L’avis relatif à l’intervention est disponible

Wortlaut

1. Dans le cadre des renvois que la Suisse effectue via SwissREPAT, quels sont les États de transit ou/et compagnies privilégiés pour ses vols de retour ?

2. Parmi les vols de retour effectués via SwissREPAT, quel pourcentage d'entre eux indépendamment de la destination finale font escale par la Turquie ou l’Éthiopie ?

3. La Confédération perçoit-elle des prix préférentiels ou des contreparties financières de la part de Frontex ou d'autres acteurs pour faire transiter ces vols par des États tiers constituant un détour par rapport à la destination finale ?

4. La Confédération a-t-elle conclu des accords avec des États ou compagnies aériennes permettant des vols sans détour vers la destination finale notamment quand elle se situe à l'ouest de la Suisse ?

5. Quel est le bilan carbone annuel depuis 2020 imputable aux détours effectués par les vols de retour via des destinations de transit situés à l'opposé des destinations finales ?

6. Comment procèdent les États européens pour la détermination de leur plan de vol de retour ?

Begründung

La Suisse est un des États qui pratique le plus de renvois de requérantes et requérants d'asile incluant familles, femmes et enfants. Dans le cadre de l'accord Schengen/Dublin, les vols de retour interviennent via le service aéroportuaire SwissREPAT rattaché au SEM vers des pays situés à l'extérieur de cet espace avec la collaboration de l'agence européenne de gardes frontières Frontex.

Plusieurs vols de retour transitent par la Turquie ou l’Éthiopie y compris quand la destination finale se situe à l'ouest de l'Europe. Des passagers renvoyés de la Suisse vers l'Amérique du Sud peuvent par exemple transiter par un vol via la Turquie.

Bien que le premier transit ne puisse avoir lieu dans un pays européen, la situation actuelle est incompréhensible. Pour les personnes et les familles concernées, des détours par des pays situés à l'opposé de leur destination est un indéniable facteur de stress. D’autres solutions existent comme réserver les vols via l’Organisation internationale des migrations (OIM) qui assure le transit sur sol européen ou passer un accord avec un pays extra-européen (ou une compagnie de l'État en question) situé à l’ouest de la Suisse pour les vols de retour dans cette direction.

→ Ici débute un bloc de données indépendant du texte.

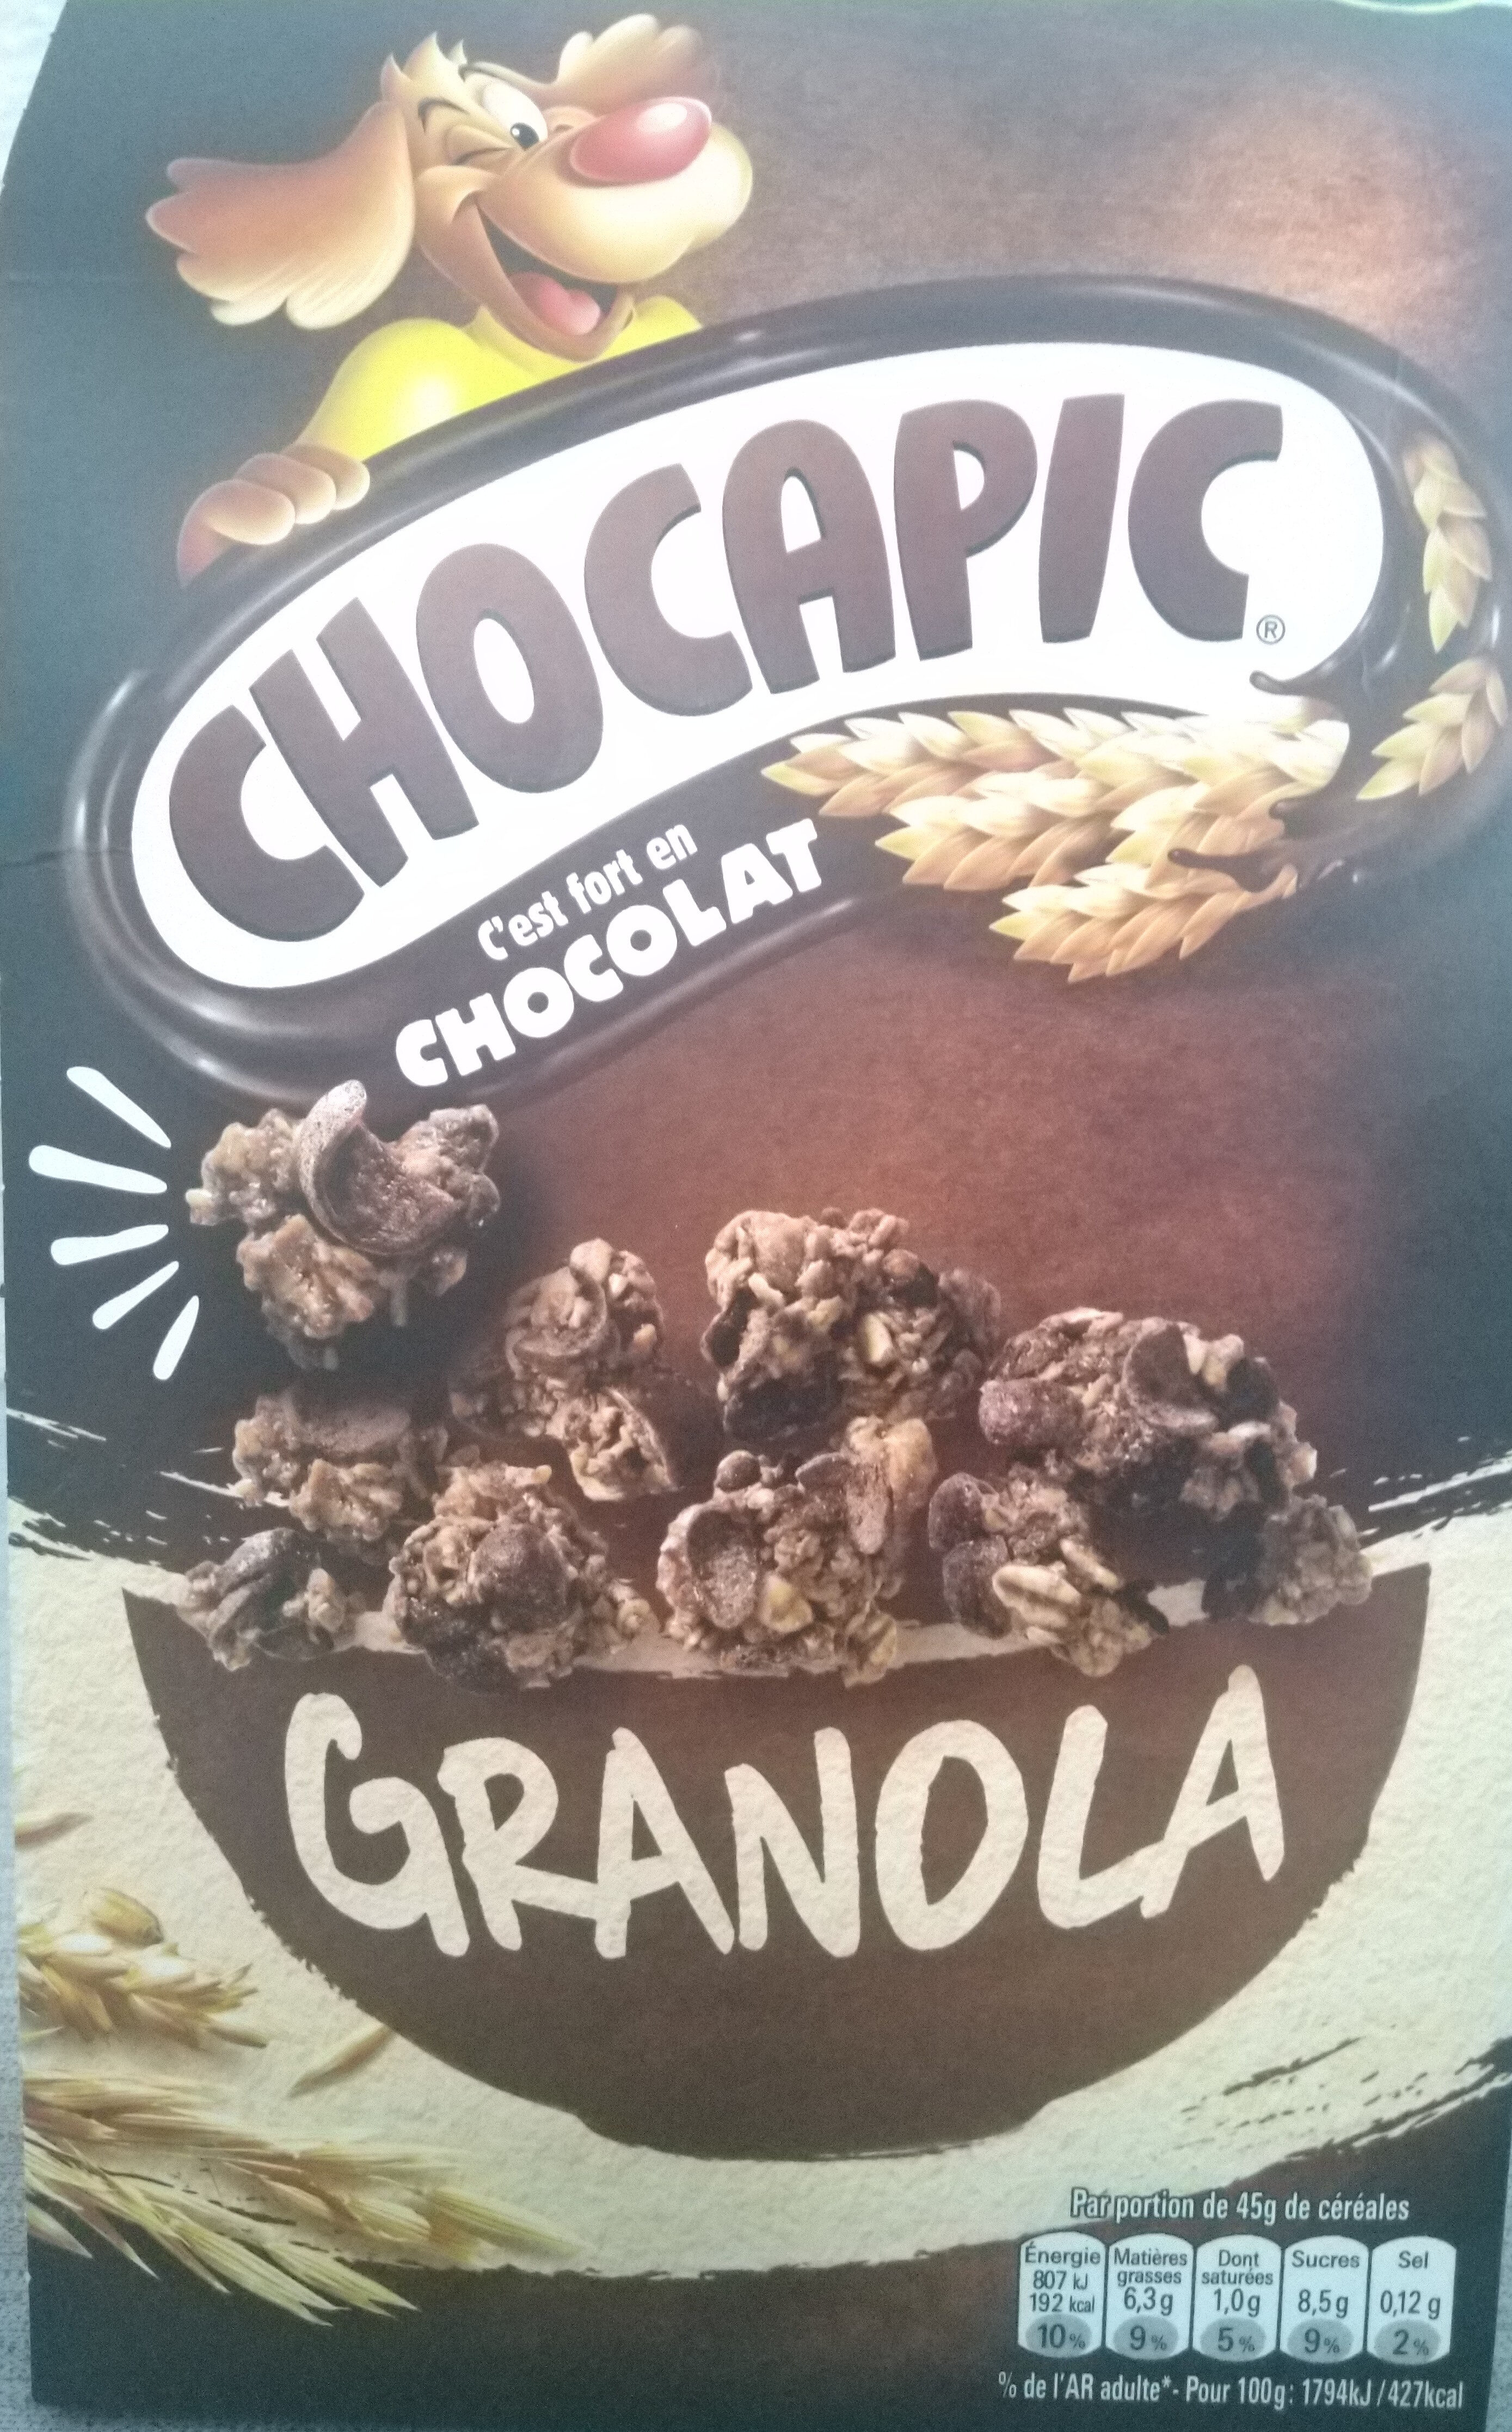 Chocapic granola - Product - fr

Stellungnahme des Bundesrates

Lorsqu’il réserve des vols de retour, le Secrétariat d'État aux migrations (SEM) choisit principalement les cinq pays de transit suivants : l’Allemagne, la France, la Pologne, le Portugal et la Turquie. Entre janvier 2024 et juin 2025, la part des retours avec escale en Turquie était de 5 %, celle avec escale en Éthiopie de 0,3 %. Non. Frontex assume les frais de vol quel que soit l’itinéraire. Le service d'achat central de l’administration fédérale pour le secteur des voyages d’affaires (Centrale des voyages de la Confédération au Département fédéral des affaires étrangères) a négocié des tarifs préférentiels avec toute une série de compagnies aériennes, aussi bien pour des liaisons directes que pour des vols de transit vers des États de destination situés à l’ouest de la Suisse. Le SEM réserve les billets en se fondant sur des critères tels que les places disponibles sur des vols directs et les coûts qui en résultent. Lorsque les personnes concernées sont considérées comme vulnérables, il travaille en principe avec l’Organisation internationale pour les migrations afin de garantir que les conditions générales du voyage tiennent compte autant que possible de la situation de ces personnes. L’administration fédérale ne dispose pas de ces chiffres. La pratique des autres pays européens est similaire à celle de la Suisse.